INFANT MORTALITY REDUCTION
The Infant Mortality Rate (IMR), defined as the rate at which infants do not survive their first year of life, is monitored and compared throughout the world as a critical indicator of the health of populations. Although the differences are very small, Worcester has had a persistently higher IMR than Massachusetts and the United States overall.
The puzzle of why so many babies are not surviving in a city that has superb prenatal and newborn care galvanized a group of community leaders, including faculty and clinicians from UMass Medical School and UMass Memorial Health Care, to work together in search of causes and solutions; in the mid-1990s they established the Worcester Infant Mortality Reduction Task Force. Members looked at the known risk factors for infant mortality, such as mothers being smokers, teenagers or unmarried, and were taken aback when it was discovered that these risk factors did not apply to the population of women whose babies were dying. Rather, the Task Force determined that many of these babies had been born to immigrant women from Western Africa, predominantly Ghana.
UMass Medical School faculty are founding members of the Worcester Infant Mortality Reduction Task Force, comprising clinicians, state and city public health departments, social service agencies, and community members and groups to respond to Worcester’s higher than average infant mortality rate.
The Task Force’s research has found that infants at highest risk of death in Worcester are born to women who emigrated from West African countries such as Ghana and Liberia.
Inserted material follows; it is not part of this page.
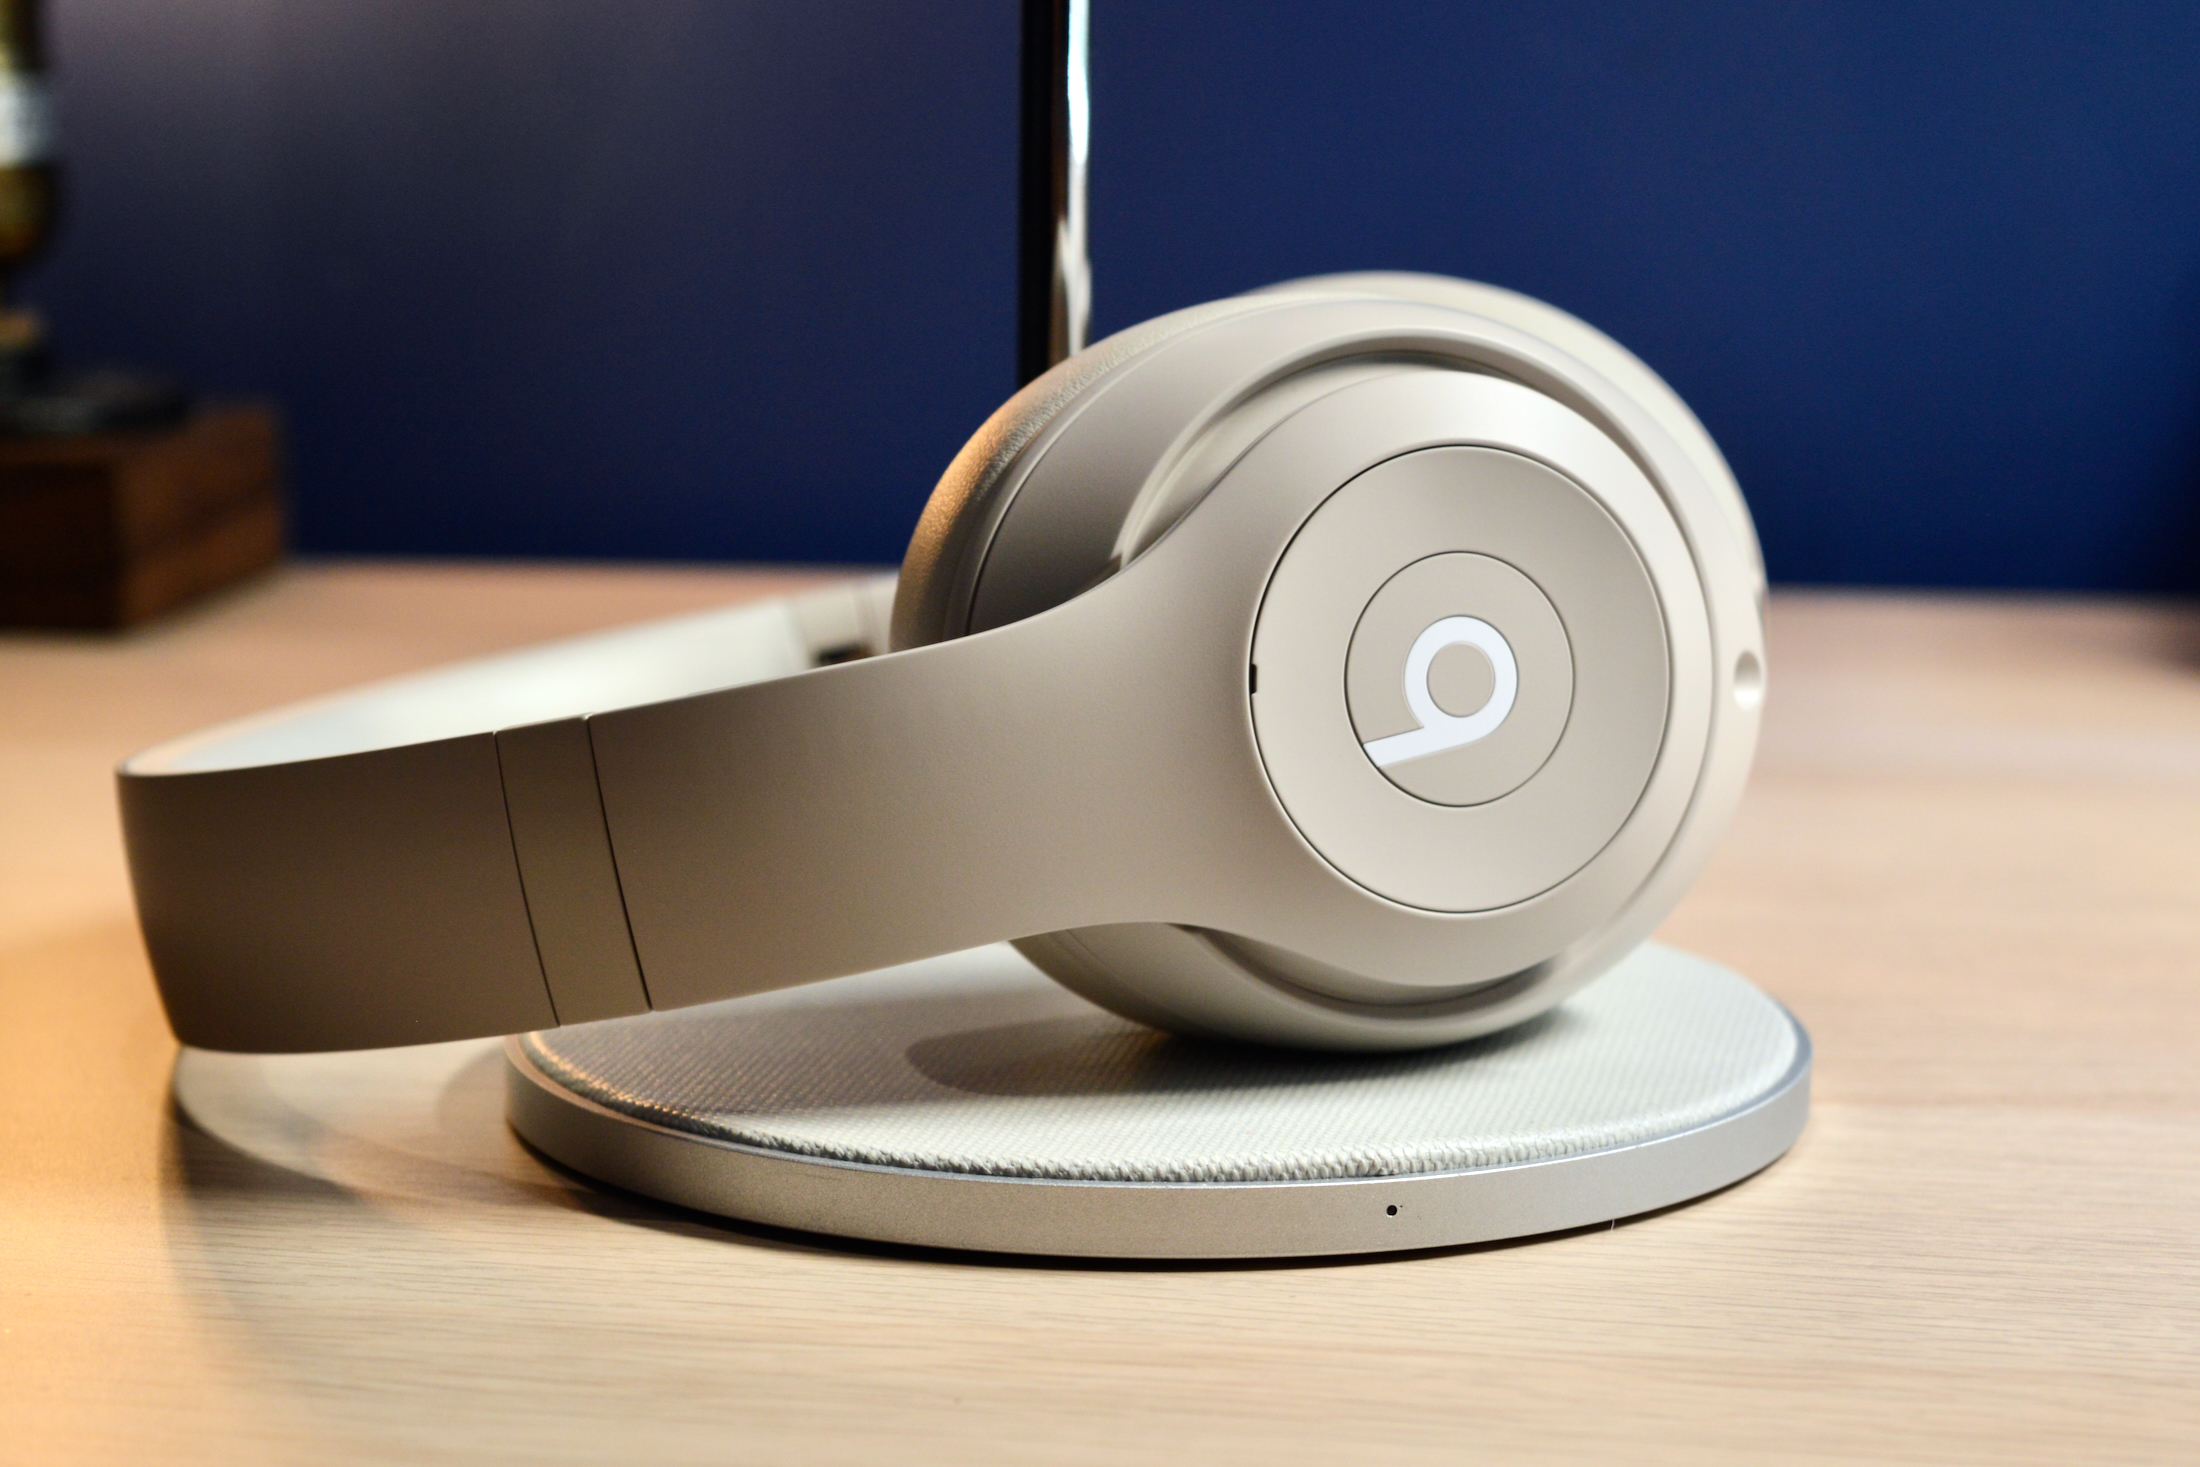 Beats Studio Pro Headphones: Our Honest Review - CNET

An interdisciplinary team of medical and nursing students studied Worcester’s Ghanaian immigrant families to develop plans for action in partnership with the Task Force.
One such initiative is a series of public service announcements to educate the public about risk factors for infant mortality and what individuals can do to reduce those risks.
This finding caught the attention of Rosemary Theroux, RNC, PhD, assistant professor in the Graduate School of Nursing, who saw the IMR issue as an opportunity for study by her Community Health Clerkship group (pictured left with Dr. Theroux). UMass Medical School is currently the only medical school in the nation that requires first-year medical students to study health problems of populations traditionally neglected in medical education by spending a two-week clerkship in local communities; Dr. Theroux’s group was the first to include nursing students.
The group found that, rather than the usual risk factors associated with infant mortality, Ghanaian infant deaths can be traced to indigenous cultural outlooks and practices, such as not considering pregnancy a medical condition and, therefore, not seeking prenatal care. The students noted that physicians can make improvements in communication with patients by acknowledging and encouraging the need for an interpreter; adjusting the patient interview to account for culturally sensitive topics such as sexual history and mental health; and conferring with community case managers. Community outreach to African women, through trusted entities such as churches, is also effective in persuading them to seek prenatal care in earlier stages of pregnancy than is customary in their culture.
Theroux encouraged the students to present their findings to the Infant Mortality Reduction Task Force. Their presentation validated one of the Task Force’s key objectives, according to its chair, Marianne E. Felice, MD, professor and chair of pediatrics at the Medical School. “To reduce infant mortality, doctors, nurses and caregivers must be culturally respectful to help encourage women to seek prenatal care.”